Хасан закрыл глаза, но сон не шел. Во дворе кричала майна. Хасан еще неделю назад пообещал себе изловить ее и скормить рыжему соседскому коту. Дрянная птица дразнила окрестных псов и мальчишку-водоноса, иногда так заходилась криком, что невозможно было сосредоточиться. Хасан швырял в нее камешки, но майна пряталась в листве старого тополя во дворе и ее никак нельзя было достать. Даже соседский кот, исчадие Иблиса, разоривший все гнезда ласточек во дворе, не совладал с хитрой птицей.
Но сейчас Хасан слушал ее крик, как благословение. Это был голос живых. Люди огня недаром почитают птиц, встречающих солнечное пламя. А коты, щелеглазые ночные тени, – это вздохи демонов, брошенные на землю. В их когтистых лапах исчезает душа. Кота нельзя впускать в дом больного, нельзя допускать к роженицам. Коты ложатся по ночам на лица детей и душат их. Хасан скрестил пальцы и улыбнулся себе. Сколько ни учись, а то, что узнал в детстве от соседских мальчишек, крепче всего держится в голове. «Чур меня, чур меня, огнем отведись, пеплом рассыпься, чур меня!»

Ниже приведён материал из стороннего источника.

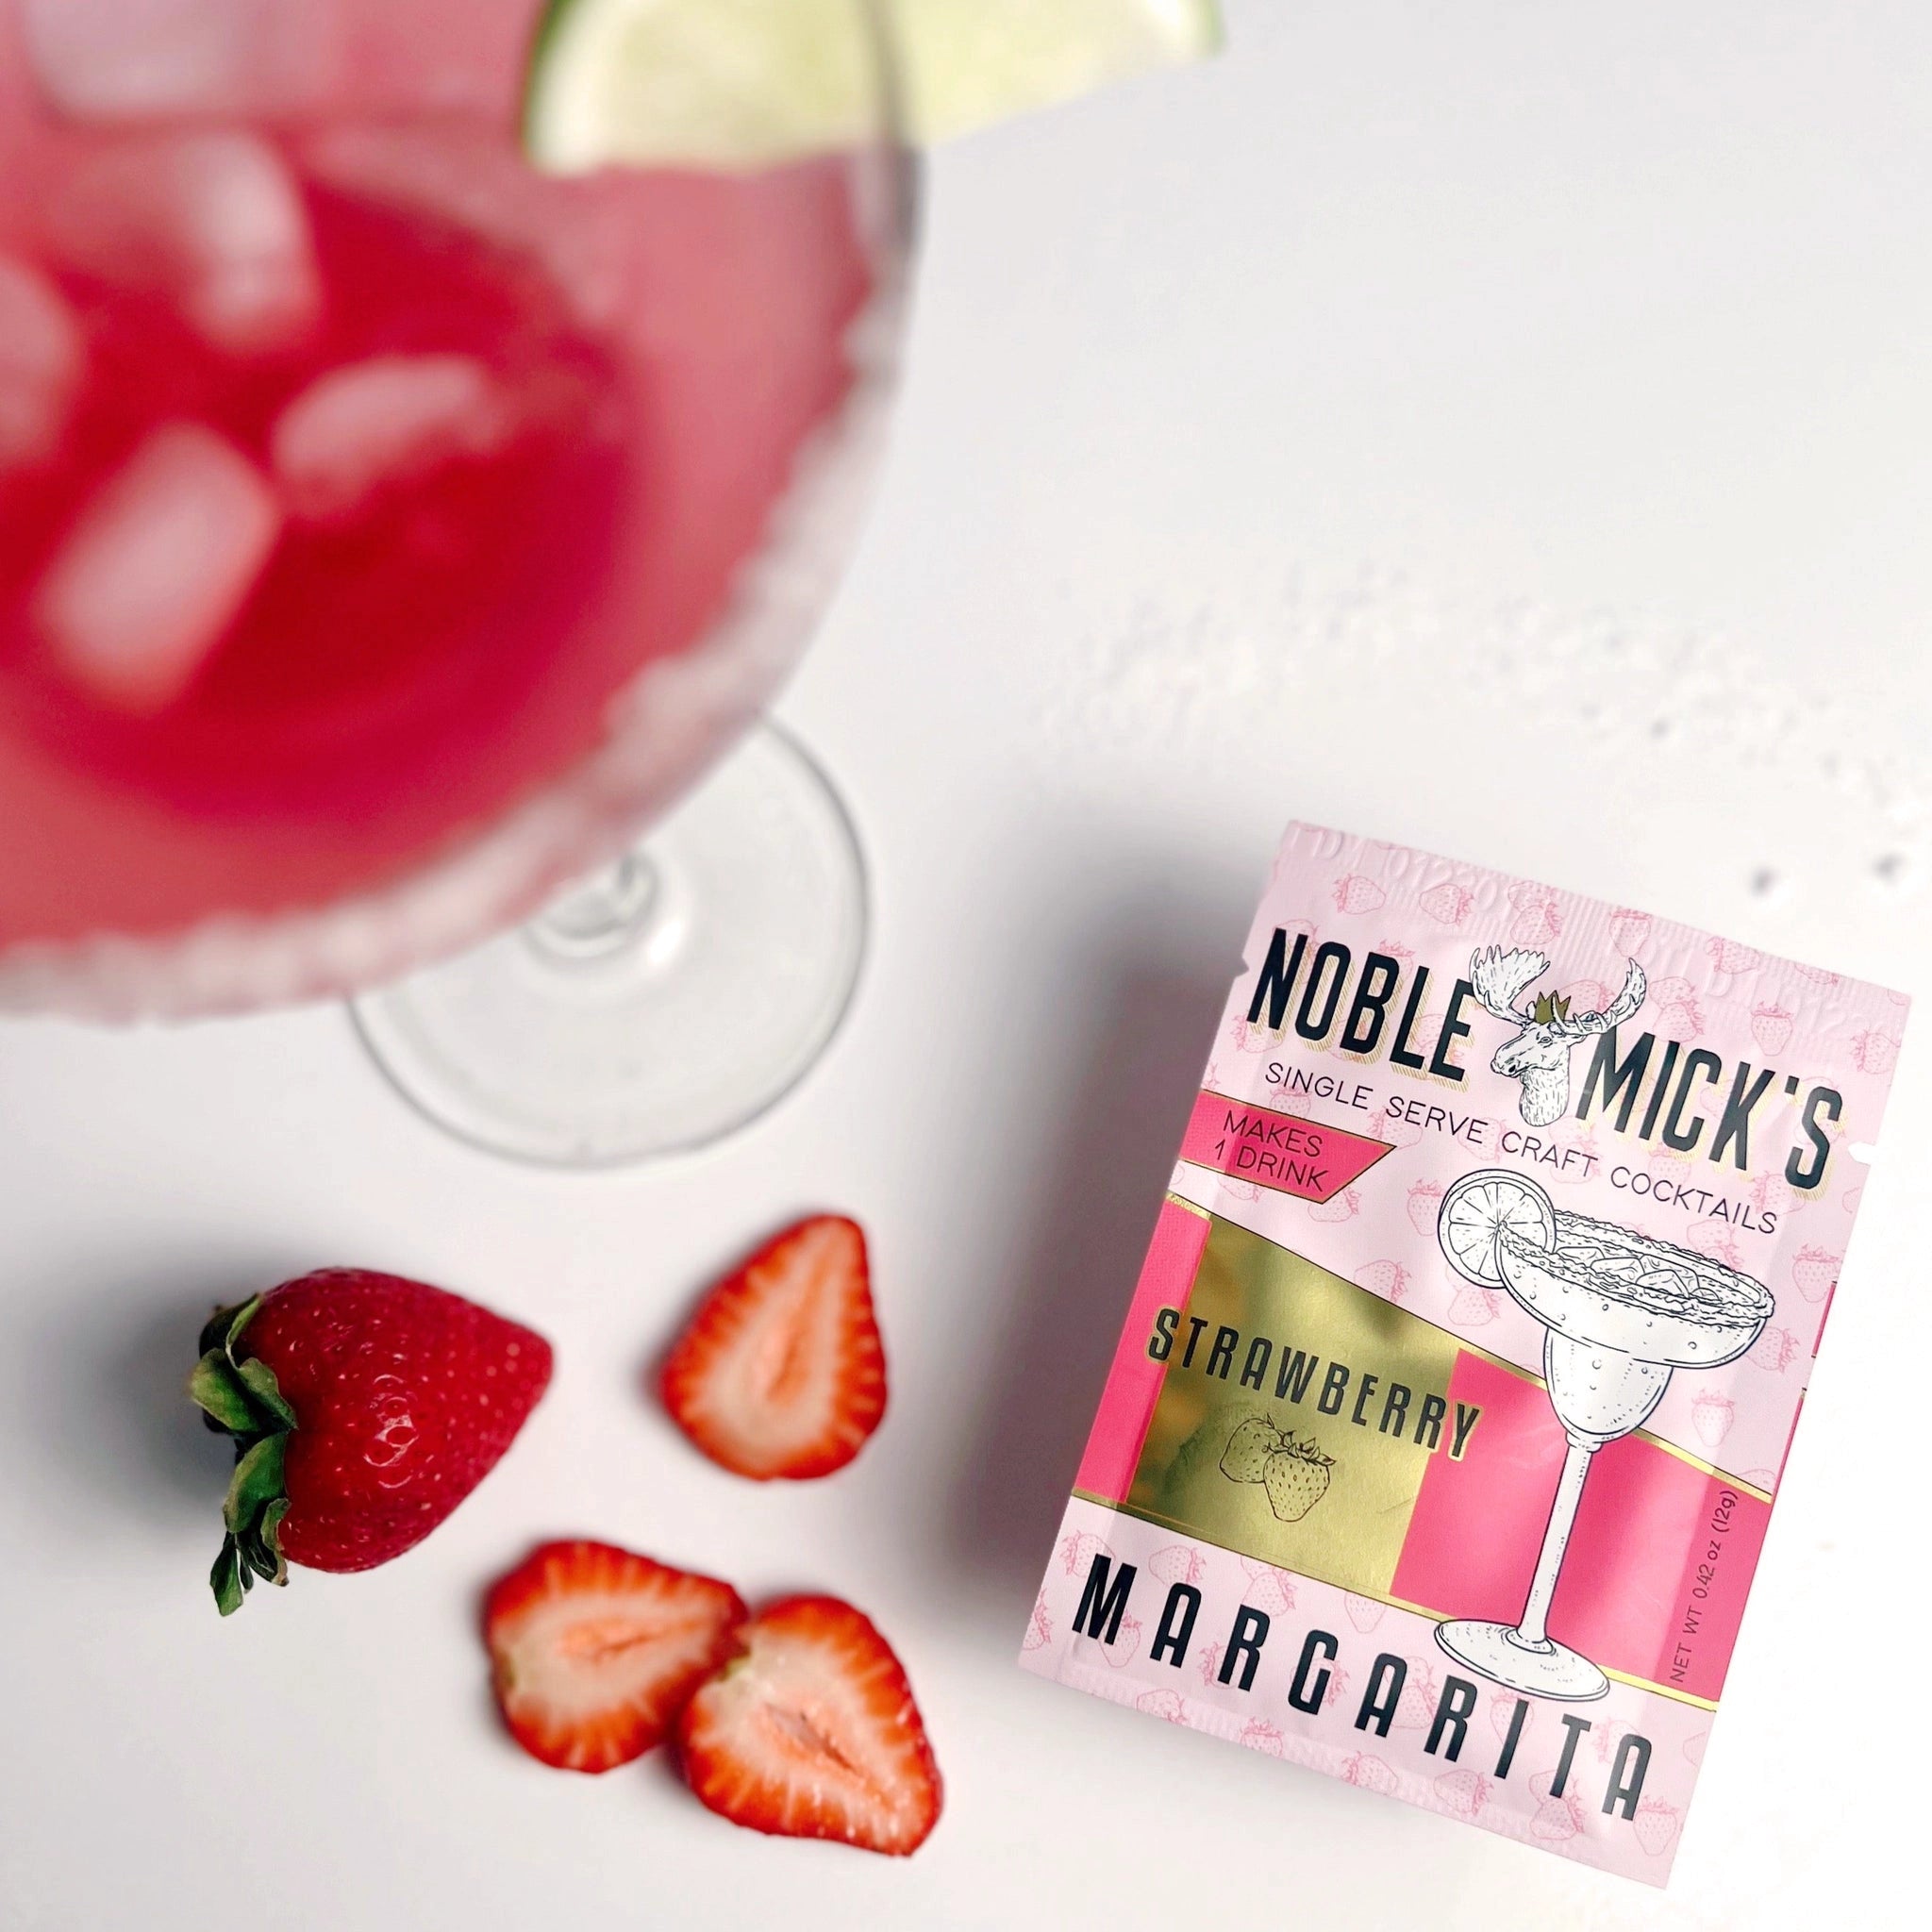 On a white background is a hot pink and light pink packet of cocktail mix that reads, &quot;Noble Micks Single Serve Craft Cocktails Strawberry Margarita&quot; photographed next to a strawberry and a few slices as well as a cocktail glass filled with a pink liquid.

Когда ему было десять лет, отец привел в дом новую жену, настоящую йеменку из Куфы, а она привезла с собой рыжего полосатого кота с ободранными ушами, свирепого, как сам Иблис. Через три недели Хасан, уговорившись с приятелями, украл его. Кота приманили свежим козьим молоком. Руками, замотанными в тряпье, Хасан схватил кота, и потом они все вместе острыми обожженными палочками закололи зверя и сожгли труп в костре на задворках. Мальчишки развели высокий огонь и потом все по очереди прыгали через него – очищались, потому что так велел Фарзам, сын мясника, заводила всей компании. Хасан прожег тогда штаны, и отец, посмотрев на подпалины, на клочки шерсти, так и не сметенные по недосмотру с рукавов, отхлестал его плетью и заставил, став на колени лицом к Мекке, три тысячи раз повторить шахад.
А отцова жена так и не простила ему кота. Того звали «Шуджян» – «смельчак». Он прокусил Фарзаму палец, перед тем как умереть. Новая отцова жена умерла от полуденной лихорадки всего через полгода, ребенок так и не вышел из ее чрева. Фарзам сказал, что кот унес ее душу, а они спалили на костре эту душу вместе с котом.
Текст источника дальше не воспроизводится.